Os cobradores batem com bastões, o rapaz, no chão, grita. Os homens querem lançá-lo do comboio em andamento, mas os passageiros protestam, assobiam, gritam também, sabendo que lhes pode caber o mesmo destino. Os cobradores desistem, fazem-no descer do comboio na próxima paragem.

Mais tarde, a cena domina as conversas na carruagem. Saiquina Francisco, uma estudante, e Manuel Lampe, que pagou o seu bilhete com o dinheiro que fez a vender cigarros no comboio desde Moatize, são jovens como aquele. Nenhum dos dois entende e nenhum dos dois suporta estes maus tratos por parte dos cobradores. "Lançam constantemente pessoas do comboio", dizem, "é um crime".

As horas perdem-se pelo caminho

Inharuca, Magagade, Murraça, Caia já ficaram para trás. Em todas as estações há vendedores, alguns crianças ainda, com frango assado, milho cozido e bananas maduras.

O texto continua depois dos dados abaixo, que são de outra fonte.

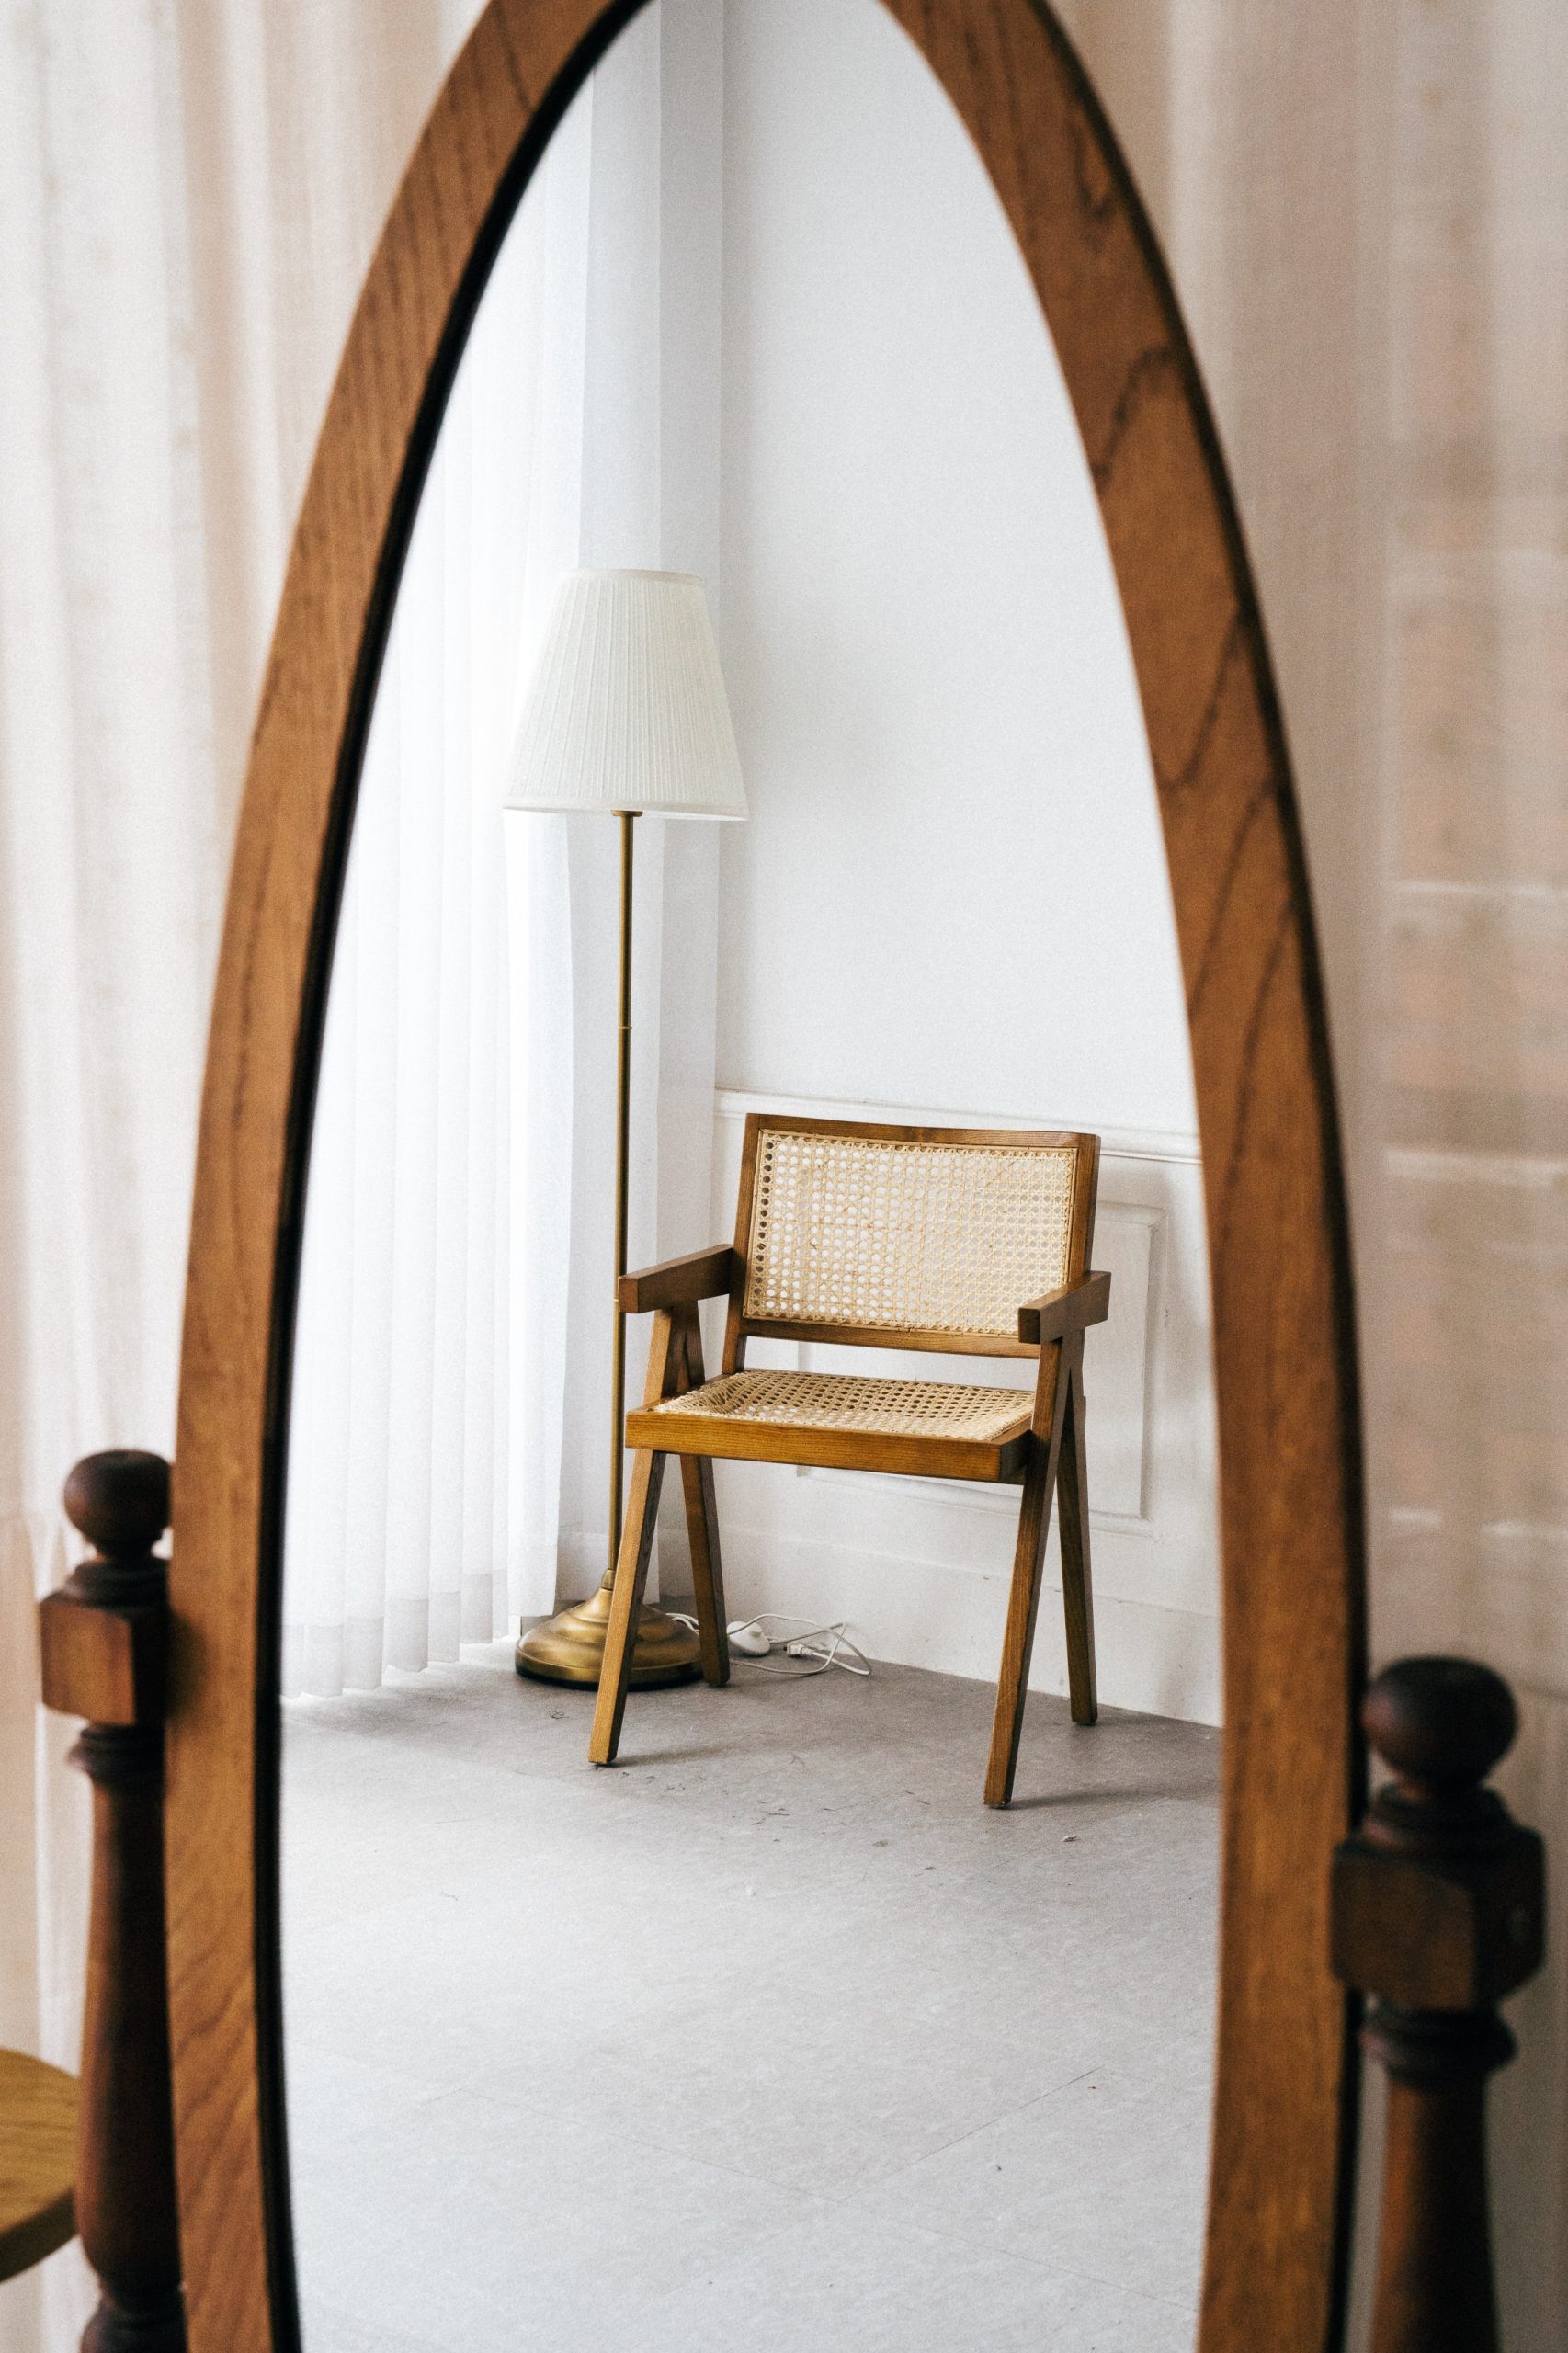 Holzspiegel und -Stuhl

Do lado de fora, tentam fazer chegar os produtos até aos passageiros nas janelas. Durante a viagem não há uma hora de comer, há, antes, estações onde se come. Quem já acabou o farnel que preparou em casa, precisa de entreter as mãos e o estômago. E pelas janelas passam-se ainda os últimos refrescos, a última água, sacos de amendoins, bolachas.

As horas perderam-se pelo caminho, a noite caiu lá fora. O comboio passa por Inhaminga, Mazamba, Condue, Muanza.

À primeira luz do dia seguinte, Alberto António muda-se para o lado de Maria Viagem, a negociante. Durante a guerra, António viu o que se passou ao longo da linha depois de sabotada pela RENAMO. De linha de comboio, Sena passou a fonte de recurso para quem aqui vivia: as bitolas foram usadas como combustível lenhoso, da chapa das carruagens moldaram-se panelas, os carris foram vendidos.

Como muitos outros, António acabou por fugir para o Malawi, regressou em 1994, dois anos depois de assinado o Acordo de Roma entre o governo da FRELIMO e a RENAMO. Mas as condições dos primeiros tempos de paz no seu país continuavam duras. "Roupa era chato, de comer era chato. Agora tem tudo."

Alberto António vai até à estação final: a cidade da Beira. Sempre que lá vai fica entusiasmado, lá "tem muita coisa. Cresceu muito, é uma grande cidade já, muito bonita - rotundas, farmácias, empresas - muito bonita!"

A razão que o traz à Beira desta vez não é feliz, está a caminho de um funeral. Mas talvez ainda encontre um trabalho ocasional que lhê o dinheiro para regressar daqui a uns dias.

Ao fim de 26 horas e cerca de 600 km de caminho, os últimos passageiros descem na Beira com António. Filhos às costas, carga na mão, molhos de galinhas na outra.